Da ultimo, l’effetto di novazione della obbligazione previdenziale non può farsi discendere dai principi di efficienza ed economicità della azione amministrativa, perchè tali principi si prestano, all’opposto, a sorreggere la ratio acceleratoria sottesa alla fissazione del termine breve di prescrizione oltre che alla generalizzazione per i crediti degli enti pubblici previdenziali del regime della riscossione mediante ruolo;

che, pertanto, essendo condivisibile la proposta del relatore, il ricorso deve essere respinto con ordinanza in camera di consiglio, ex art. 375 c.p.c.;

che non vi è luogo a refusione delle spese per la mancata costituzione della parte intimata;

che, trattandosi di giudizio instaurato successivamente al 30 gennaio 2013, sussistono le condizioni per dare atto – ai sensi della L. n. 228 del 2012, art. 1, comma 17, (che ha aggiunto il D.P.R. n. 115 del 2002, art. 13, comma 1 quater), – della sussistenza dell’obbligo di versamento da parte del ricorrente dell’ulteriore importo a titolo di contributo unificato pari a quello dovuto per la impugnazione integralmente rigettata.

PQM

La Corte dichiara la inammissibilità del ricorso. Nulla per le spese.
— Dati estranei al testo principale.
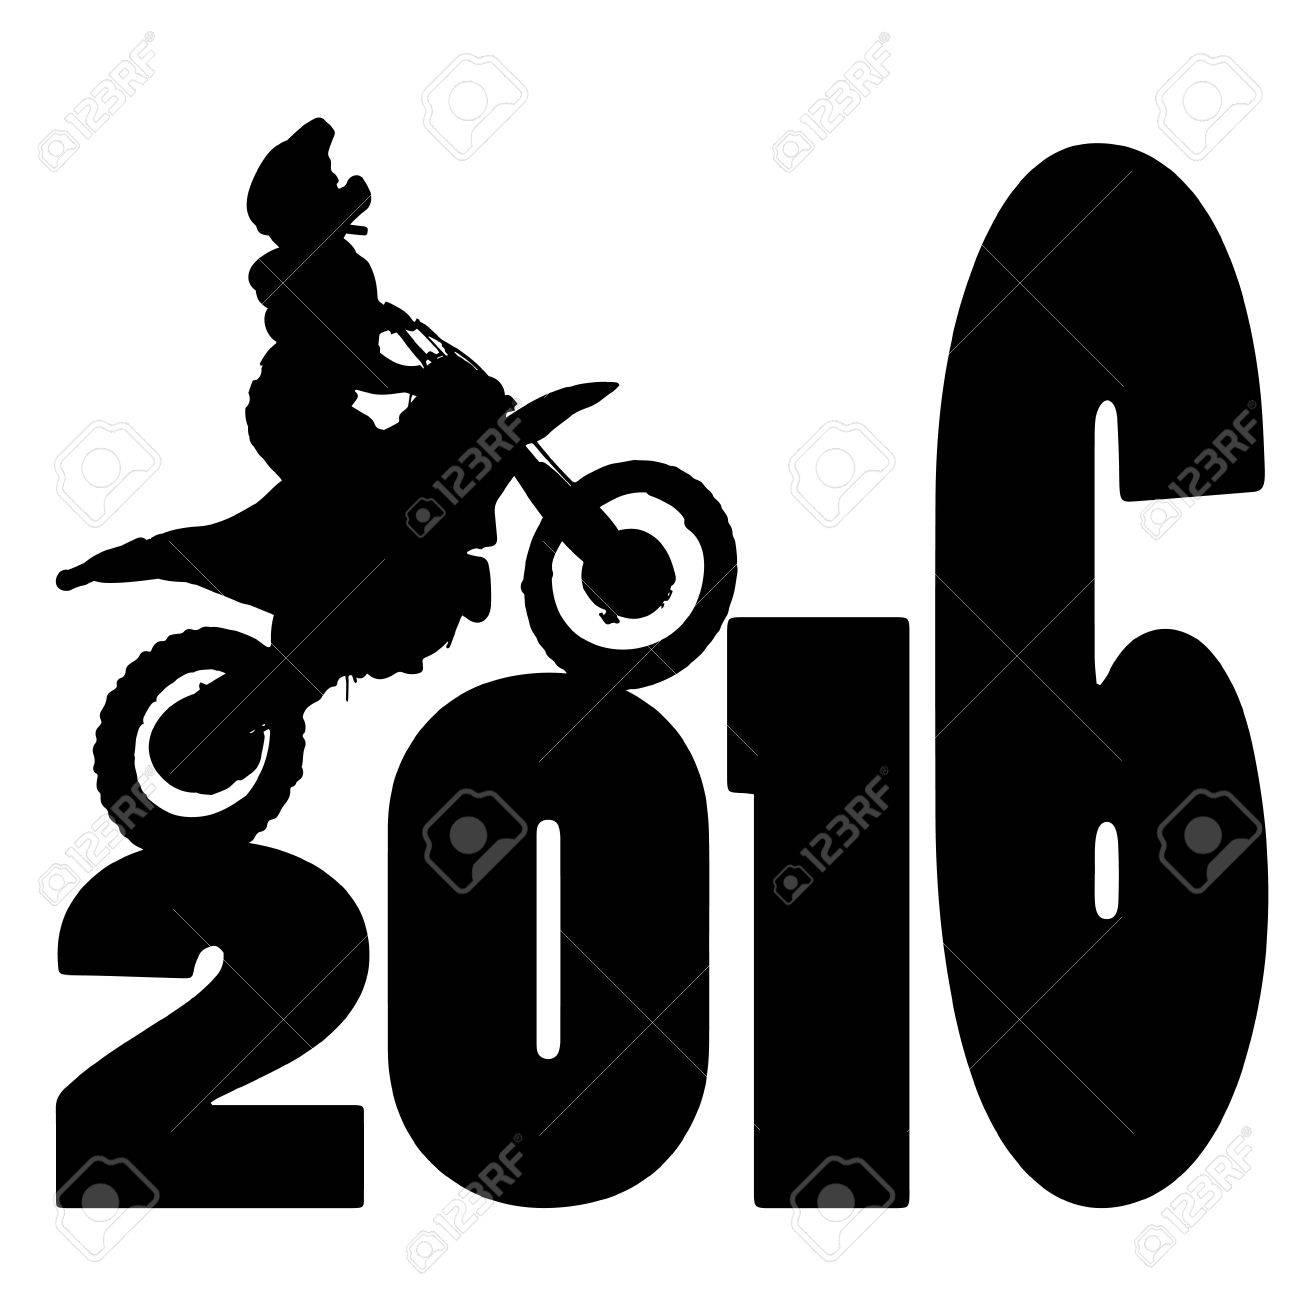 black silhouette vector illustration 2016 New Year - 46232036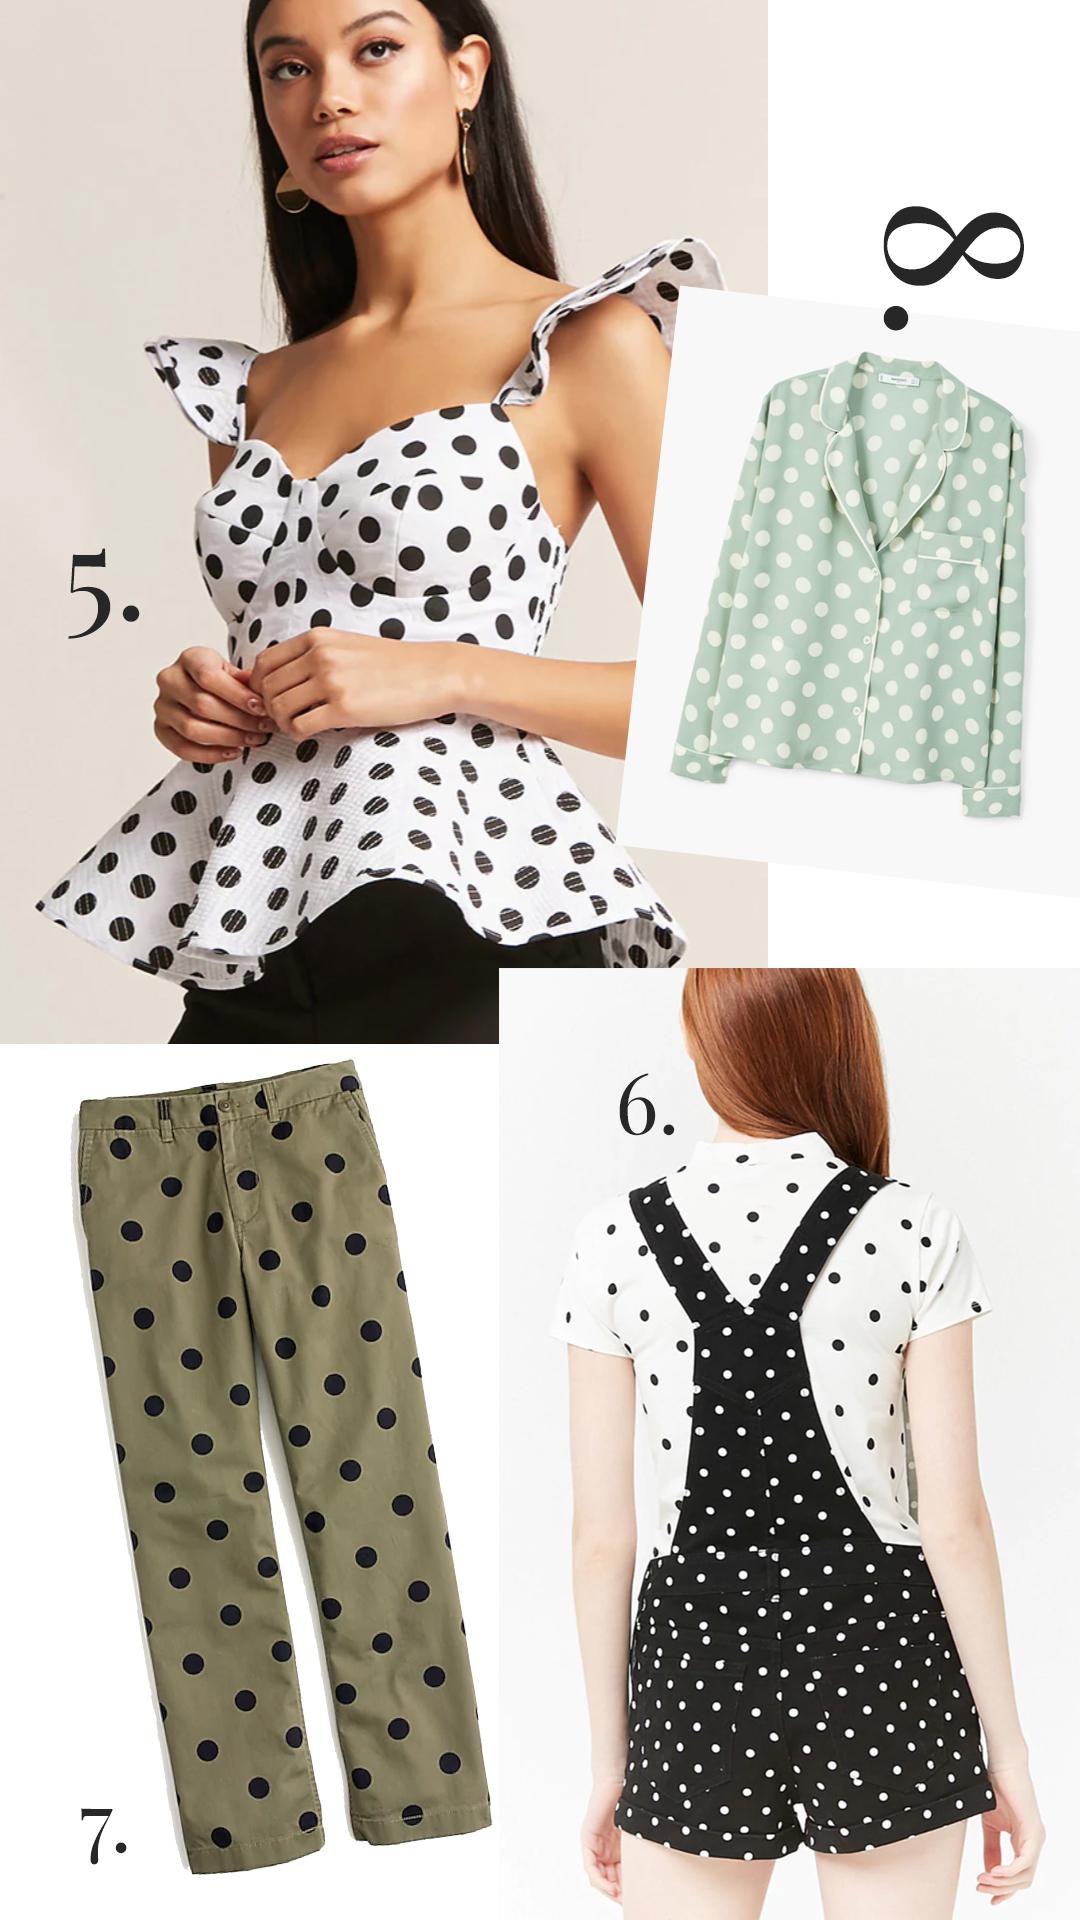 2Polka-dot-report-shop-polka-dot-outfits.jpg

Ai sensi del D.P.R. n. 115 del 2002, art. 13, comma 1 quater, dà atto della sussistenza dei presupposti per il versamento, da parte del ricorrente dell’ulteriore importo a titolo di contributo unificato pari a quello dovuto per il ricorso a norma dello stesso art. 13, comma 1 bis.

Così deciso in Roma, il 8 maggio 2019.